Supporters of the plan to move traffic out of downtown with a second bridge said Skowhegan could become a destination point for shoppers and for visitors to a proposed whitewater-kayaking park. Loud logging trucks passing through the shopping district and other through-traffic discourages foot traffic, they have said.

In a non-binding referendum in Skowhegan in 2004, voters supported the construction of a second bridge by a 2-1 margin, but opposed the bypass idea in a 754 to 544 vote.

Rooney said he wants feedback, and specifics, but Doucette and others said all of that information has been compiled over the years in the form of various impact studies, and didn't see the point of starting all over again.

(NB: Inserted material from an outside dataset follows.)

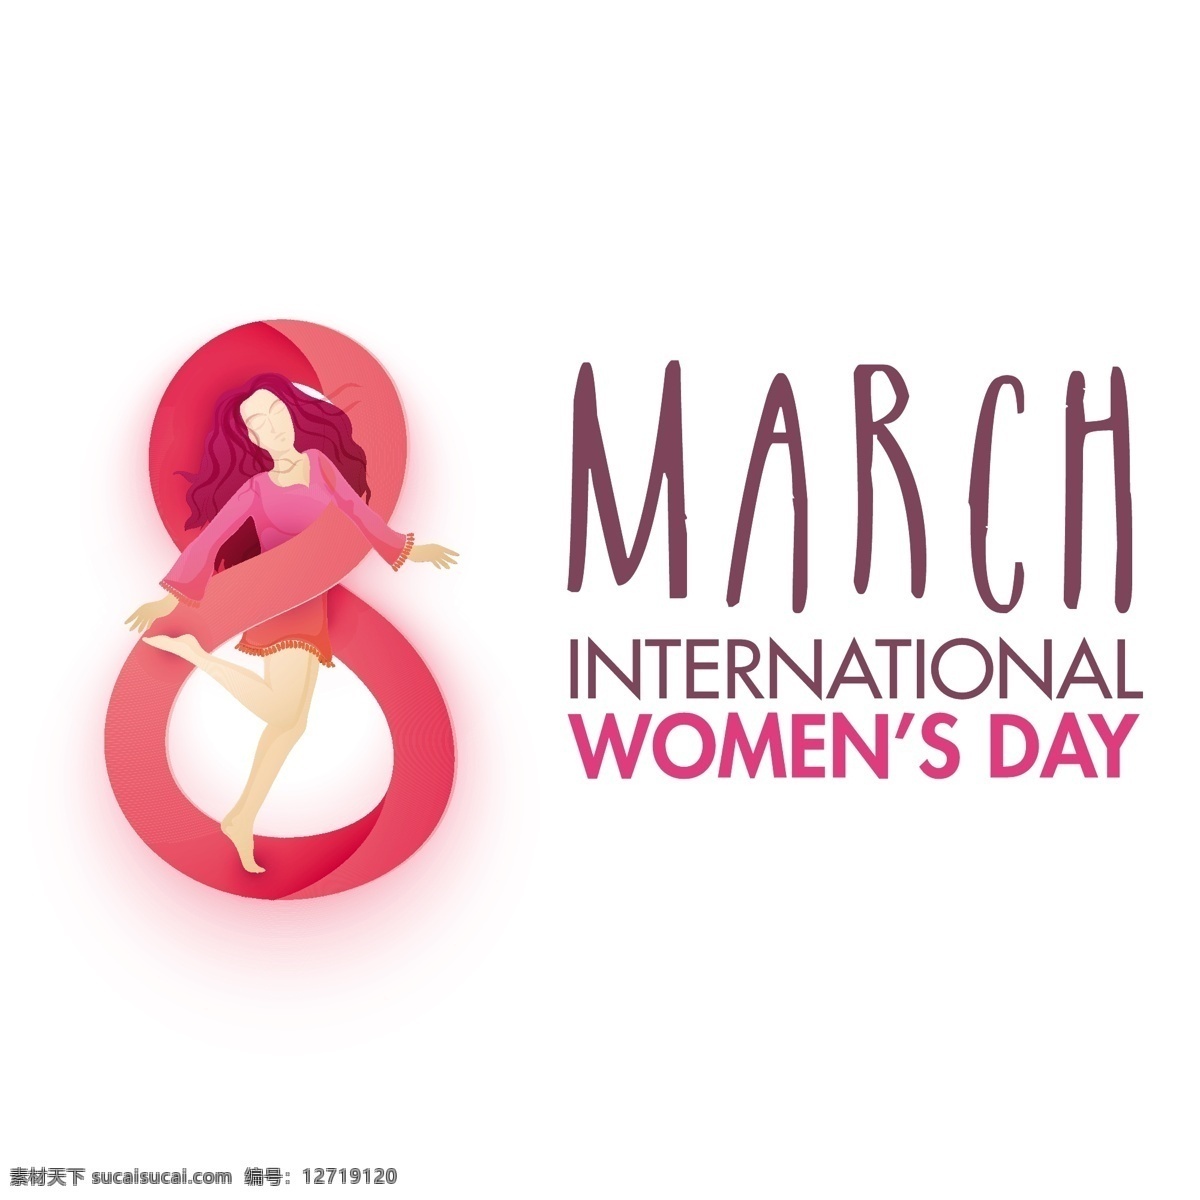 妇女节背景 背景 壁纸 色彩 庆典 假日 丰富多彩 庆祝 女士 女性 自由 国际 日 背景色 三月 彩色 妇女 有色

Doucette said it would be like reinventing the wheel.

"There's been a lot of feasibility studies of where the bridge was going to go in the past," Doucette said. "You have a lot of that information already, and now you're asking us to say where we want to put it. You have more information than any of us on that."

Rooney acknowledged that while there have been prior studies done, a fresh "feasibility analysis" would be needed to update project information and the department would rely on the town of Skowhegan to provide that update.

Joy Mase, chairman of the Skowhegan Board of Selectmen, said the town will "reassemble" a committee to provide the state with the information and opinions it needs to move forward with second bridge plan.

"I'd like everything we do to be as current as possible," Mase said. "I don't see any harm in assembling a committee."